## PROBLEM TO SOLVE
Print, word for word, the opening line of the data below and every line after it through the line that contains "Bianco E Colori.", but not the pictures.

[Collection entries]
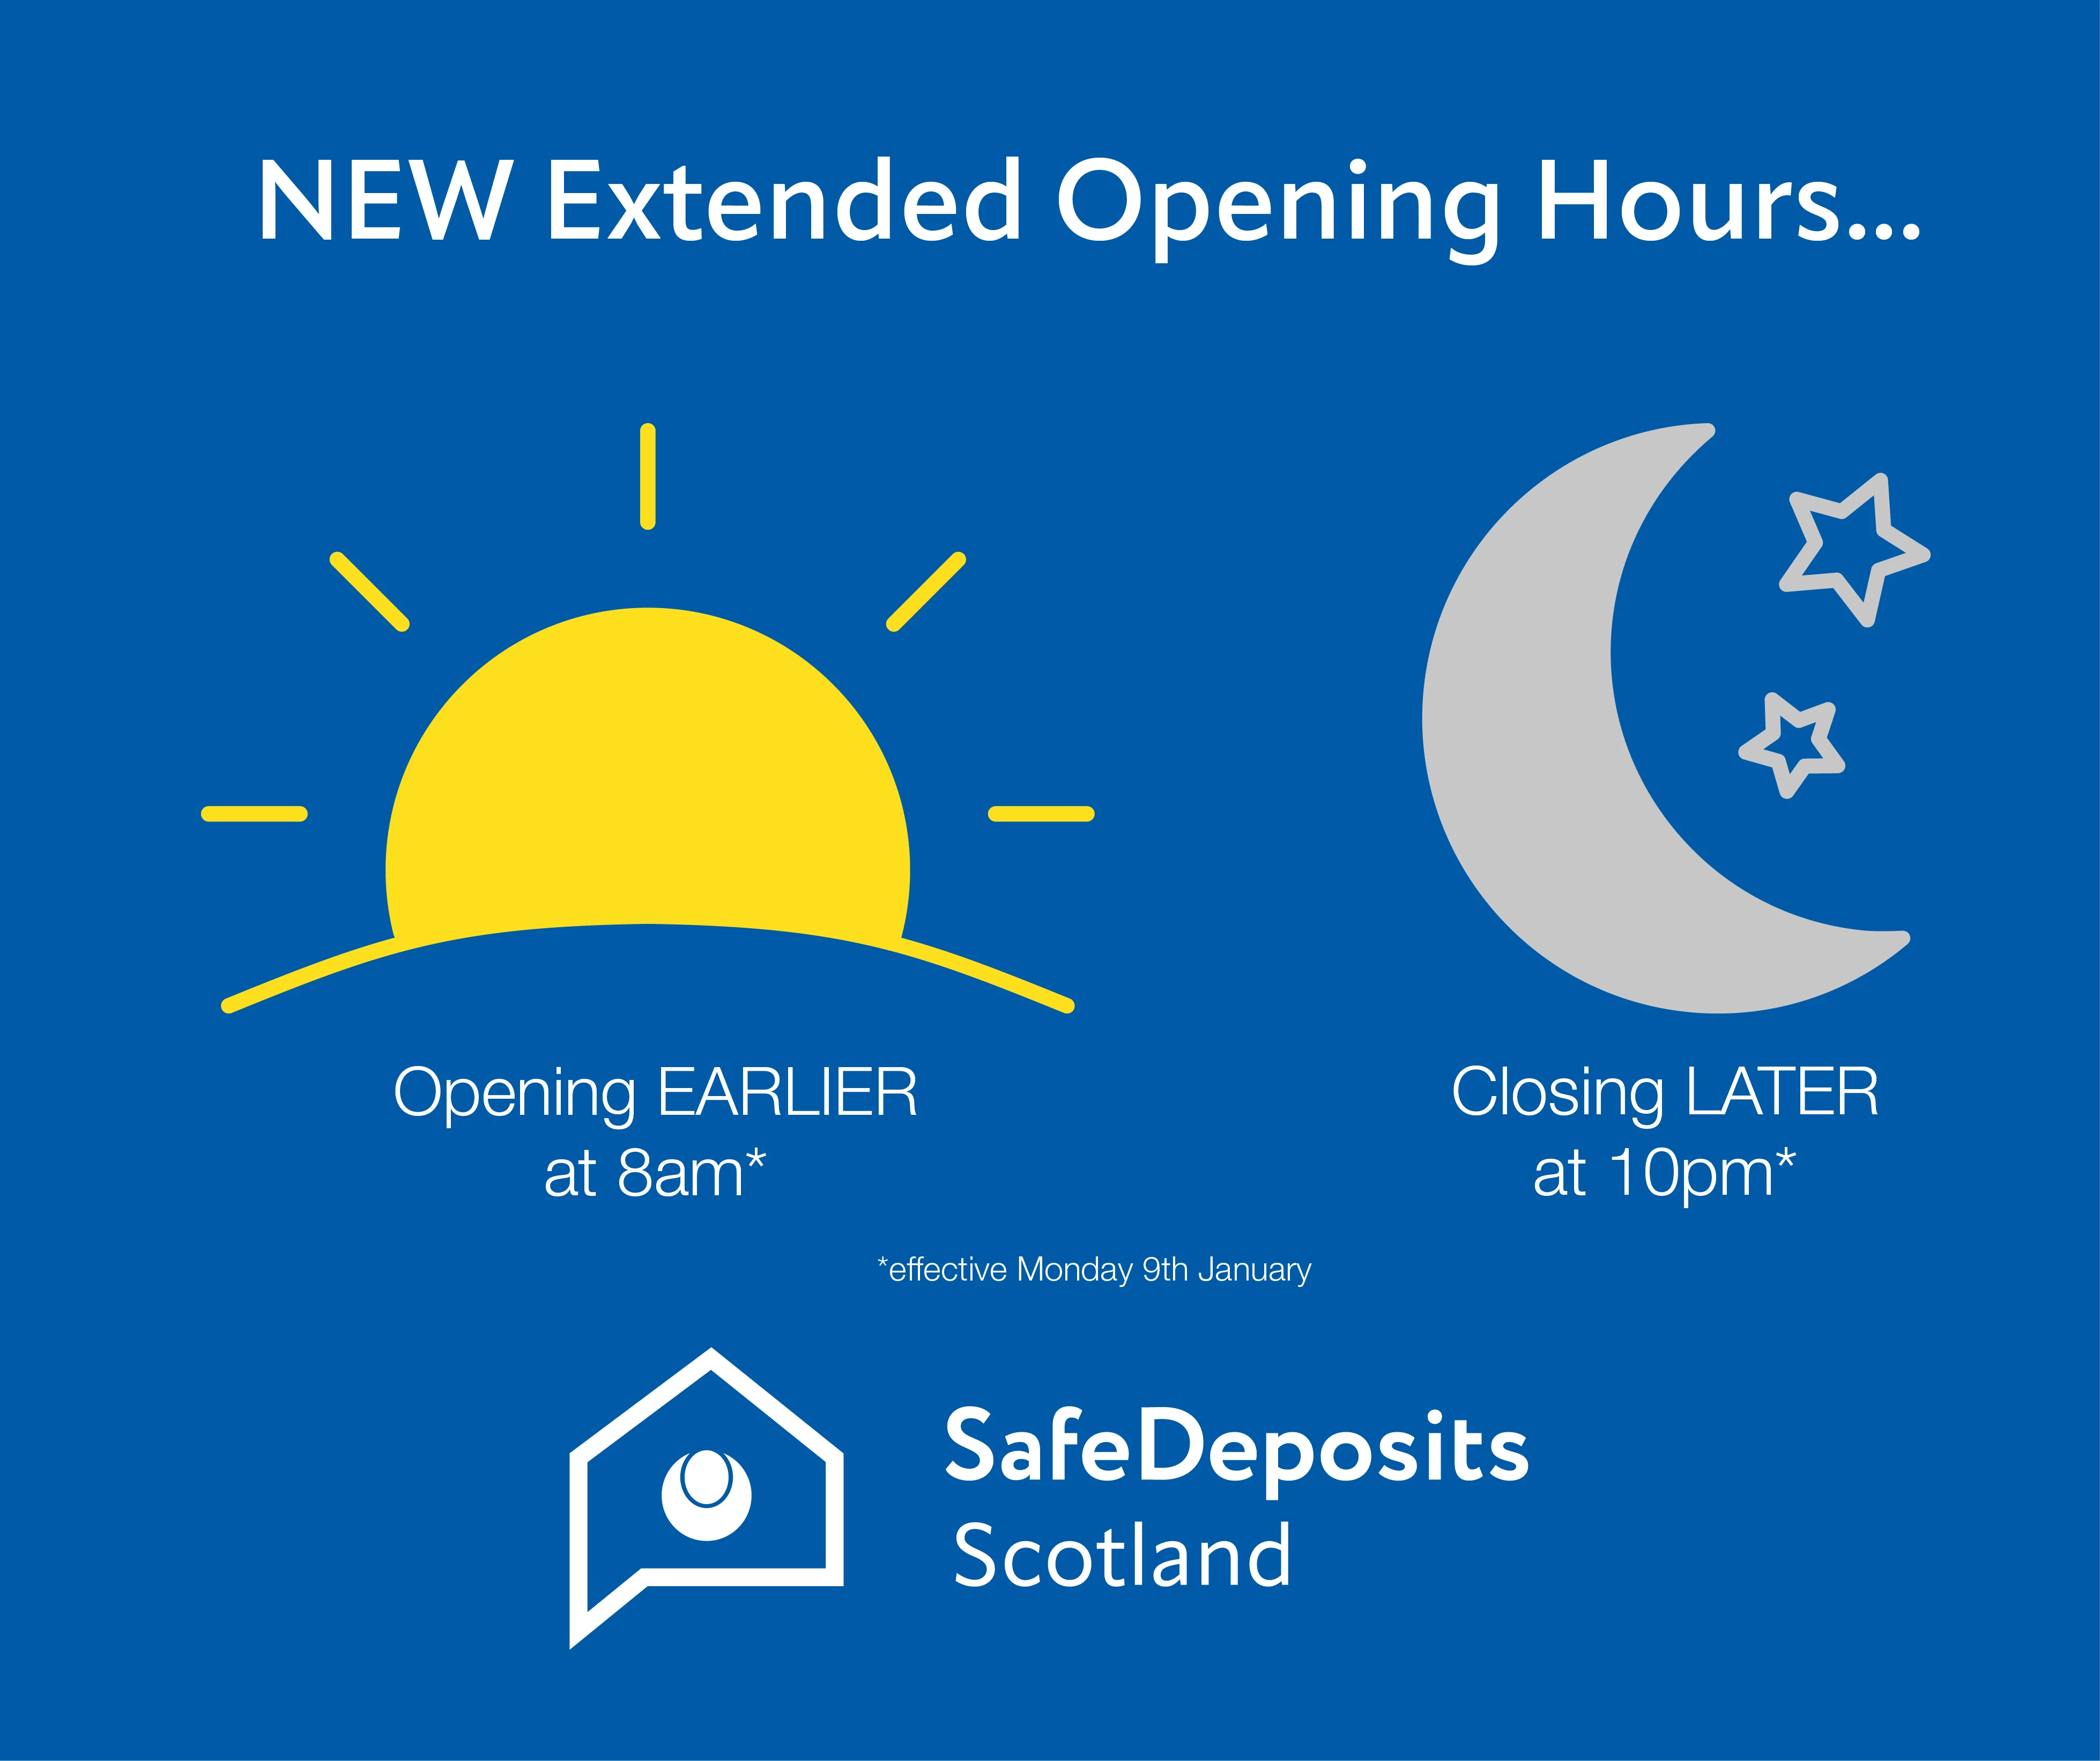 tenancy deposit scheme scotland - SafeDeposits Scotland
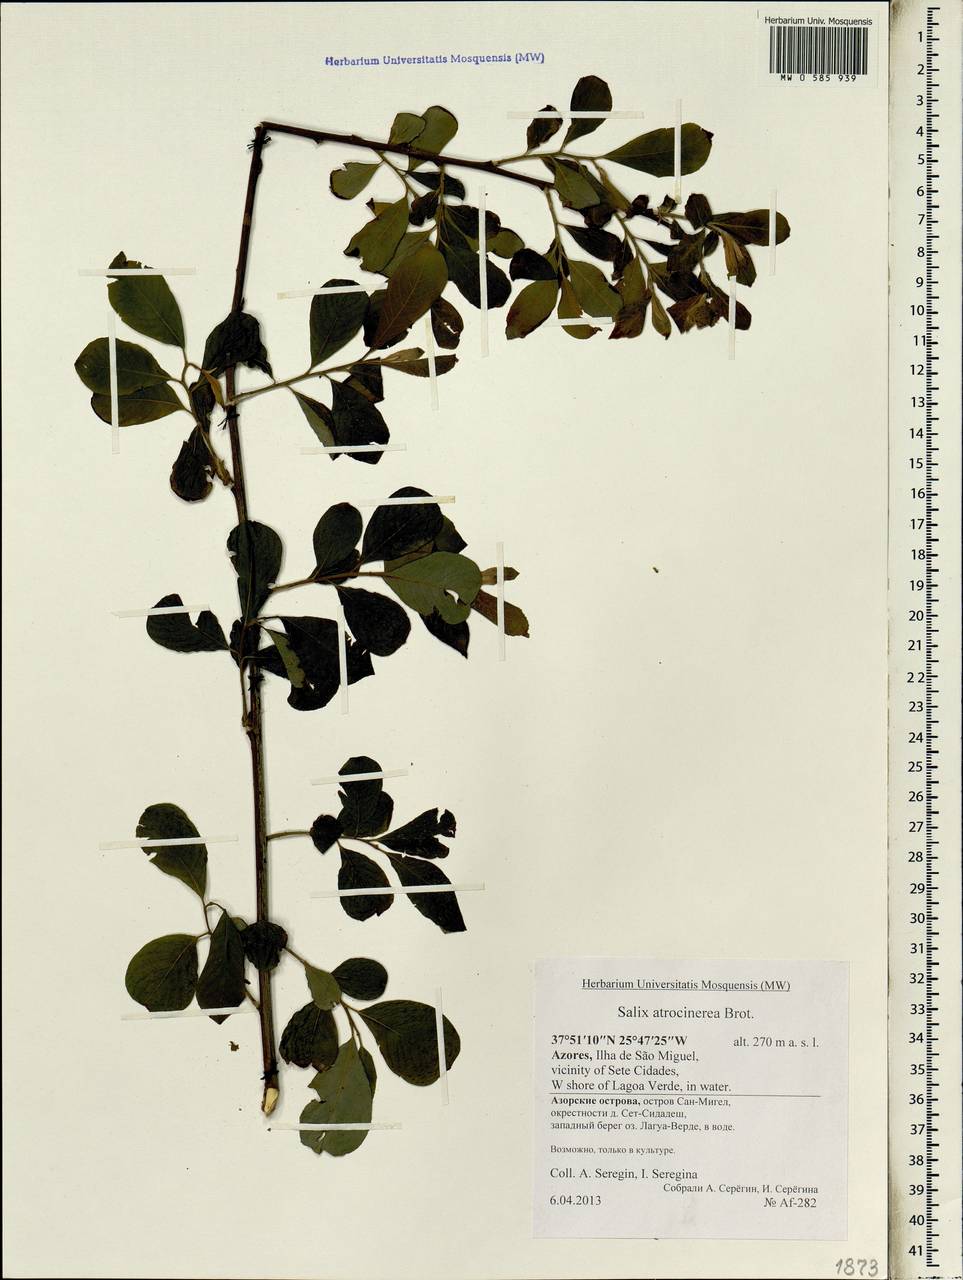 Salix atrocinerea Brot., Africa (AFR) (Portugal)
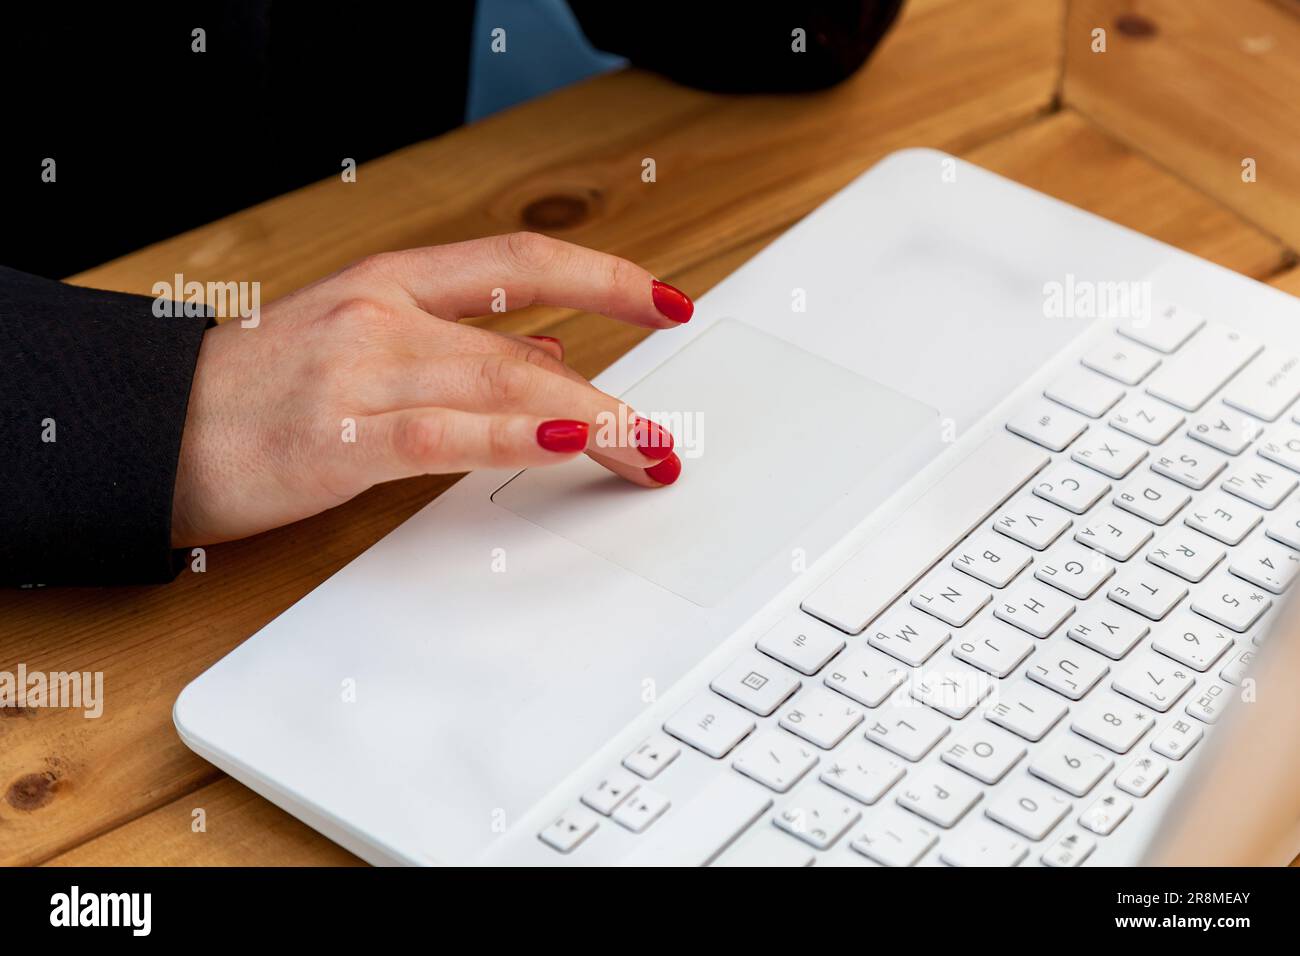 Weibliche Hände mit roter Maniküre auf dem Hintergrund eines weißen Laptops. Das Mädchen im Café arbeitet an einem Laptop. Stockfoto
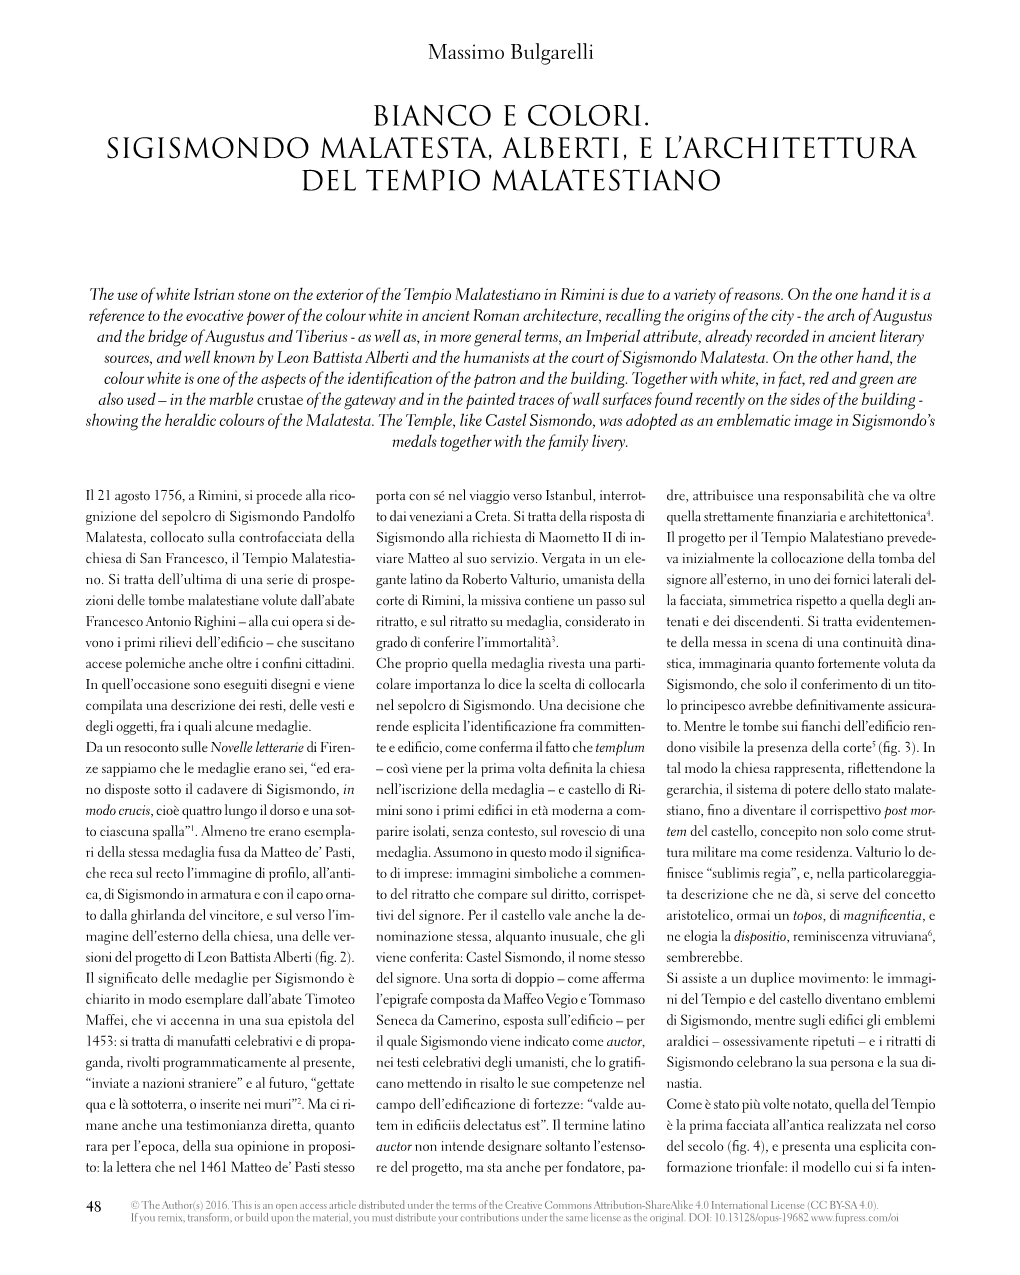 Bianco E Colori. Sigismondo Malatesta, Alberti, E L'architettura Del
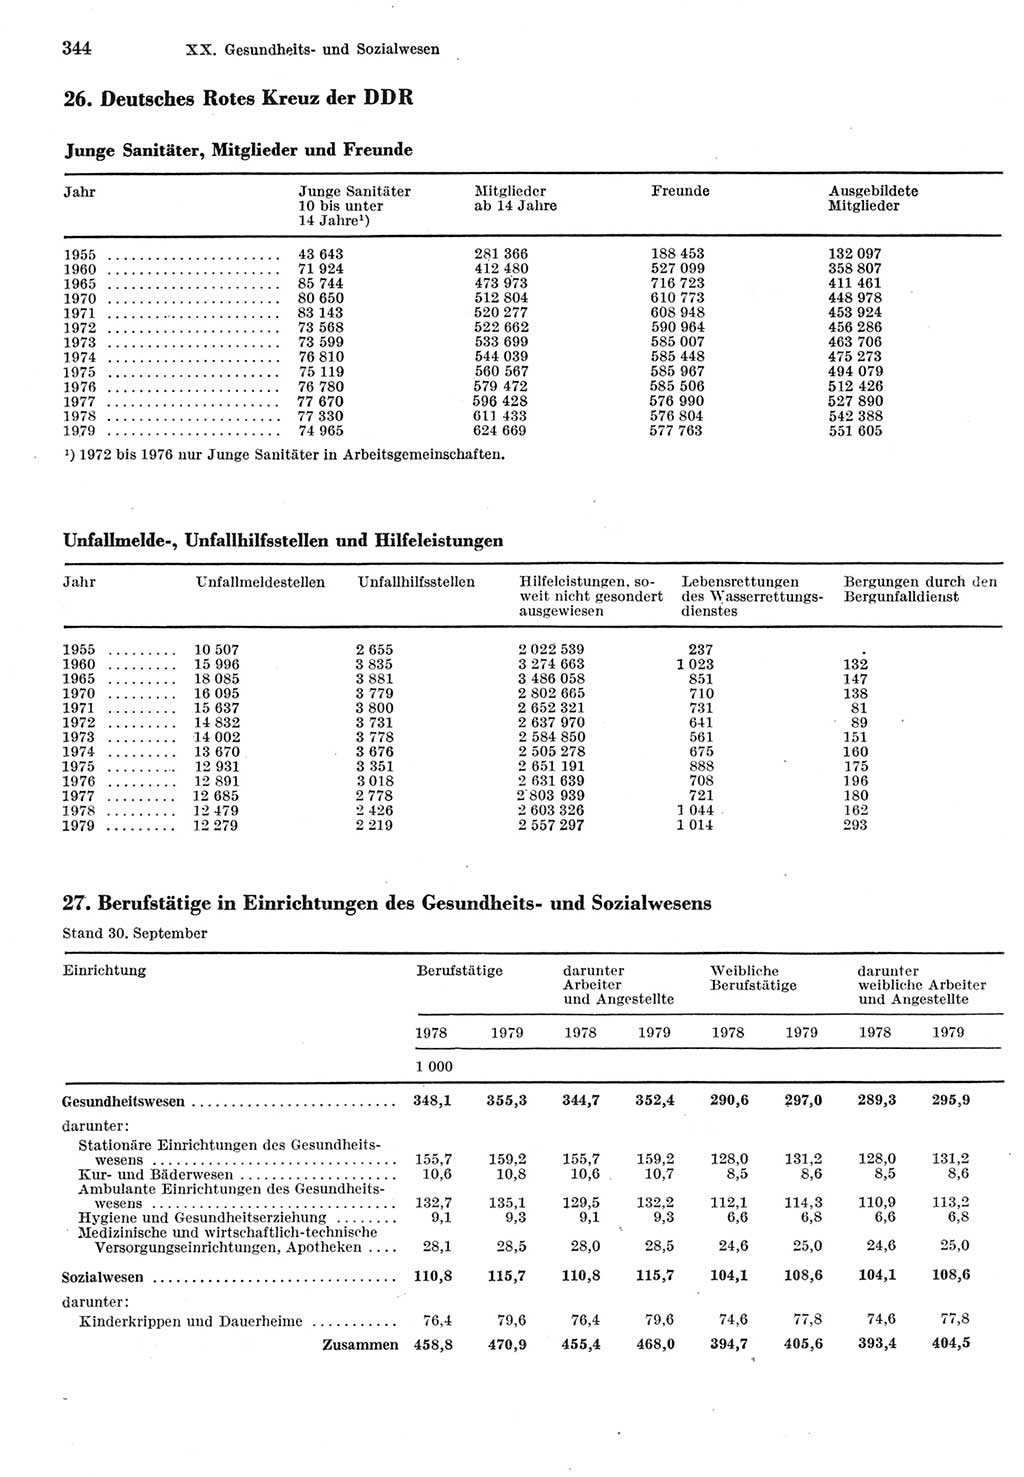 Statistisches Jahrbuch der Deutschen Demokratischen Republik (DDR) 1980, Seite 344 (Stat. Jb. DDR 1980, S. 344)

## ANSWER TO THE PROBLEM
 tenancy deposit scheme scotland - SafeDeposits Scotland
 Salix atrocinerea Brot., Africa (AFR) (Portugal)
 Weibliche Hände mit roter Maniküre auf dem Hintergrund eines weißen Laptops. Das Mädchen im Café arbeitet an einem Laptop. Stockfoto
 Bianco E Colori. Sigismondo Malatesta, Alberti, E L'architettura Del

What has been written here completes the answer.